The Right Honourable Alfred (Alf) Robens, Baron Robens of Woldingham (18 December 191027 June 1999) was a British Labour politician and, later, chaired the National Coal Board.

Robens was an official in the Union of Distributive and Allied Workers from 1935. He served as a councillor on Manchester City Council 1942-47. He was elected Member of Parliament in 1945 to represent the mining constituency of Wansbeck in Northumberland, moving to the adjacent seat of Blyth, later Blyth Valley in 1950. He served as MP for Blyth until 1960, when, unexpectedly, he became the chairman of the National Coal Board and was created a life peer as Baron Robens on 28 June 1961.

Amongst those who were less than complimentary about this sudden elevation were his successor Eddie Milne. As Chairman of the NCB, Robens was associated with serious cuts in the mining industry, many of them a reflection of market forces and government policies which originated before he assumed the post, but his reputation undoubtedly suffered. The largest single blow to his reputation arguably came about when he was responsible for the NCB refusing to fund work to remove the remaining spoil heaps from the village of Aberfan after a 1966 disaster which engulfed Pantglas school in a landslide of slurry, killing 116 children and 28 adults. Robens' refusal to postpone his installation as Chancellor of the University of Surrey to attend the scene, so that he did not arrive until the following day, and the insistence that the disaster fund be raised from charitable donations is seen by some as compelling evidence that Robens was either insensitive or an extraordinarily hamfisted politician [1].

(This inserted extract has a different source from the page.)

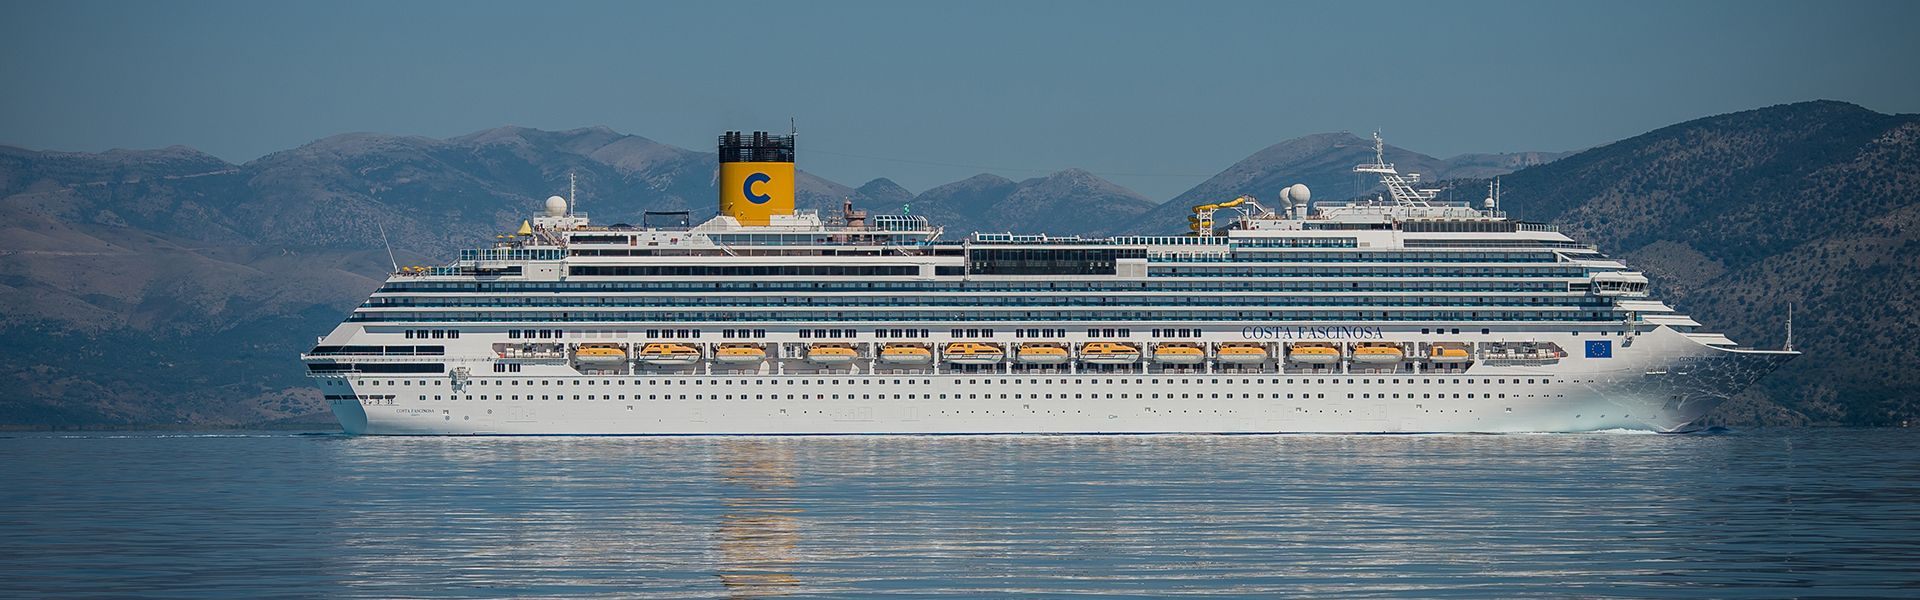 Croaziera 2017 - Mediterana de Vest (Marsilia) - Costa Cruises - Costa Fascinosa - 7 nopti

Robens at first claimed that the disaster had been caused by "natural unknown springs" beneath the tip, but evidence soon emerged that the existence of these springs was common knowledge. The Tribunal that sat to consider the reasons for the disaster was highly critical of Robens, but he did not lose his position as Chairman of the Coal Board.

Robens became a director of the Bank of England in 1966. He joined the board of Times Newspapers Ltd in 1967, and in 1969 he was selected by Barbara Castle to chair the committee whose deliberations led to the Health and Safety at Work etc. Act 1974. He became Chairman of Vickers Ltd in 1971.